START Data block
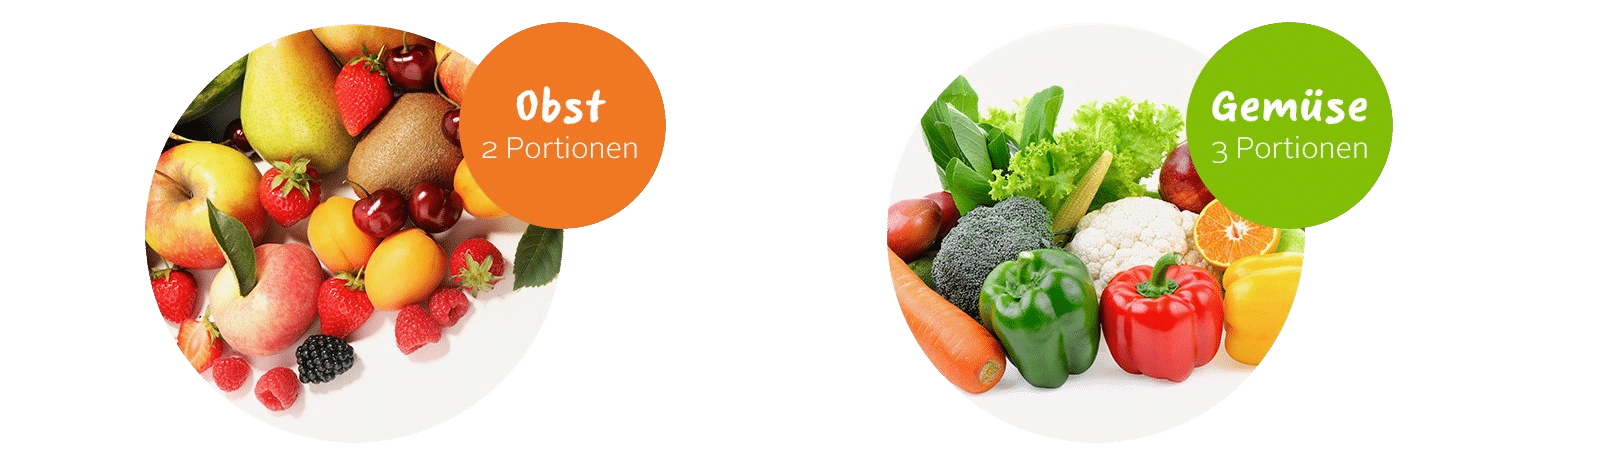 Obst und Gemüse Portionen
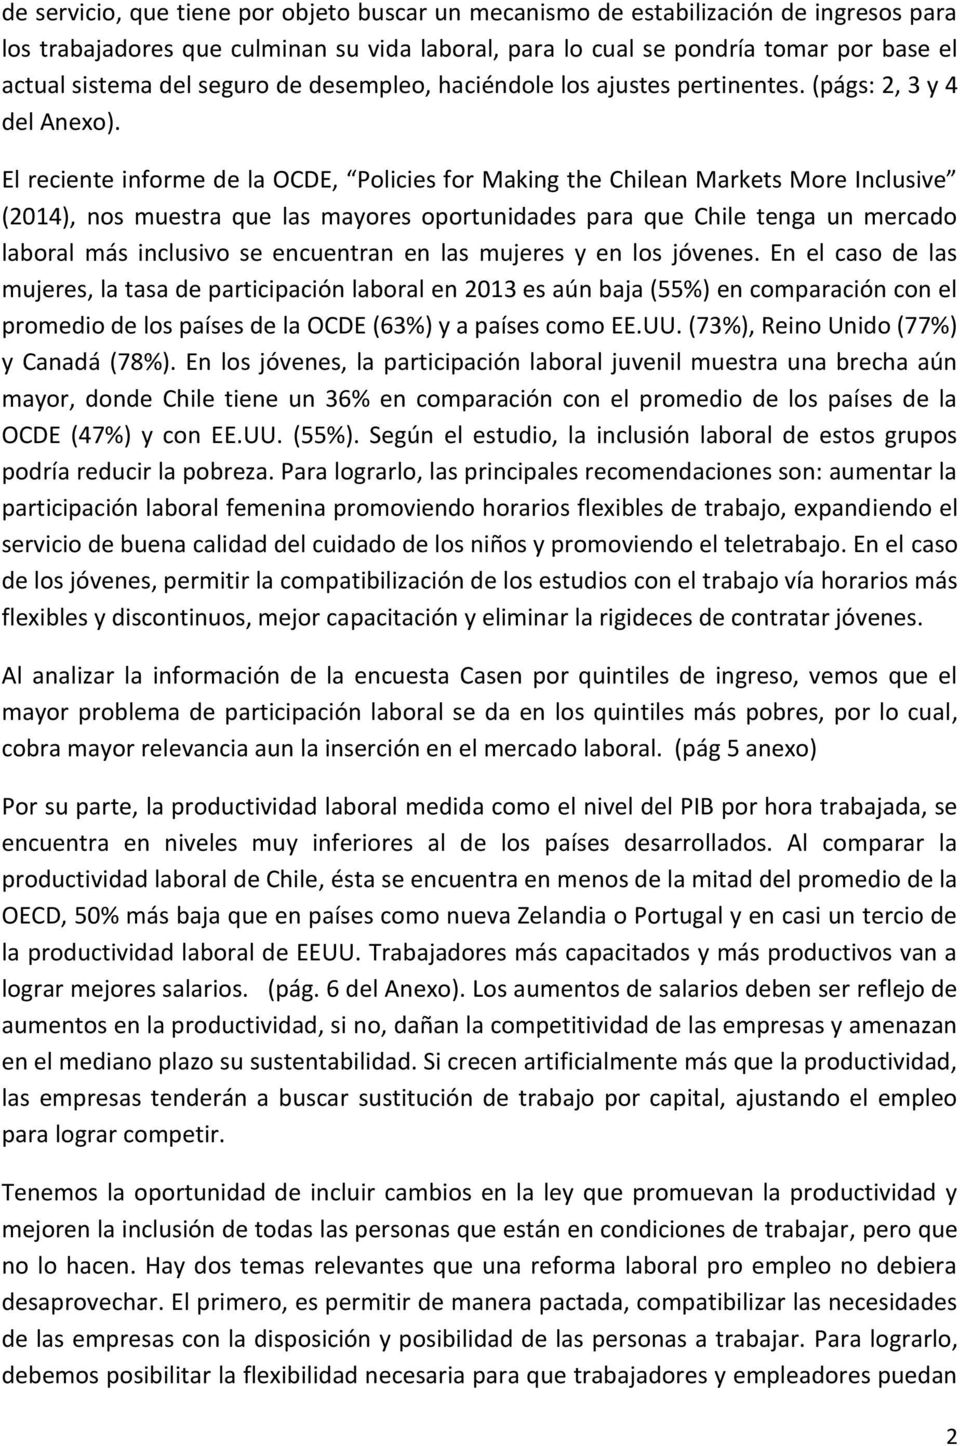 El reciente informe de la OCDE, Policies for Making the Chilean Markets More Inclusive (2014), nos muestra que las mayores oportunidades para que Chile tenga un mercado laboral más inclusivo se
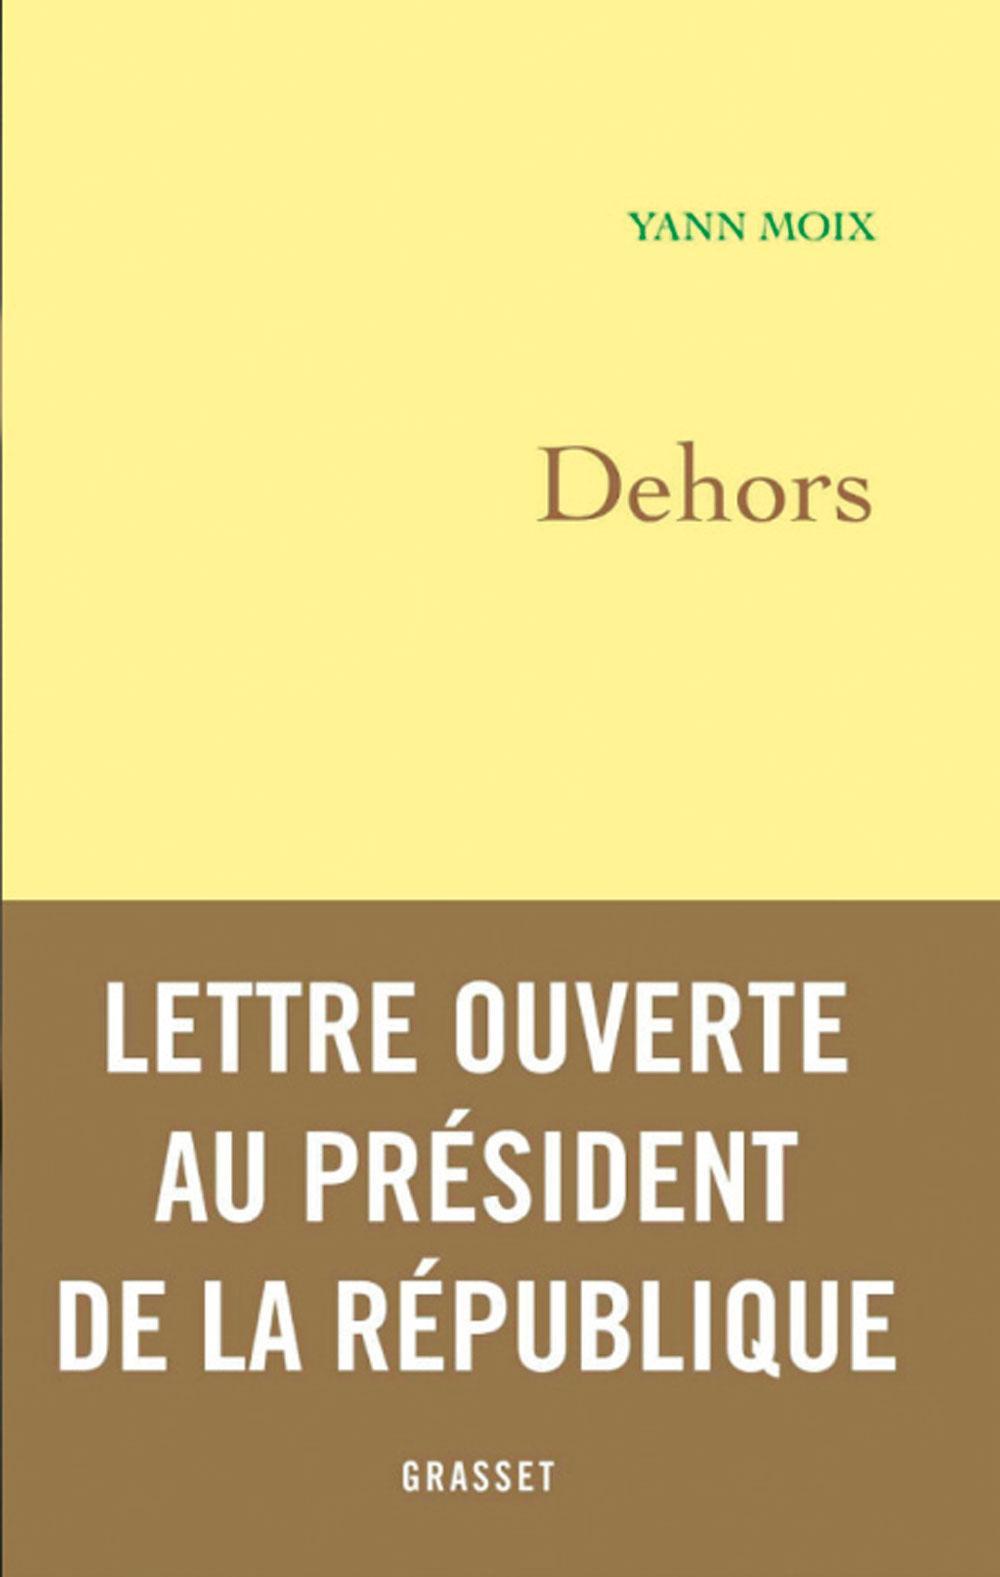 (1) Dehors, par Yann Moix, Grasset, 366 p
END Data block
• **To do**
Repeat only the lines from the one with "El reciente informe" through the end of the data, both included and exactly as written. Pictures stay out of the copy.

• **Response**
 El reciente informe de la OCDE, Policies for Making the Chilean Markets More Inclusive (2014), nos muestra que las mayores oportunidades para que Chile tenga un mercado laboral más inclusivo se
 (1) Dehors, par Yann Moix, Grasset, 366 p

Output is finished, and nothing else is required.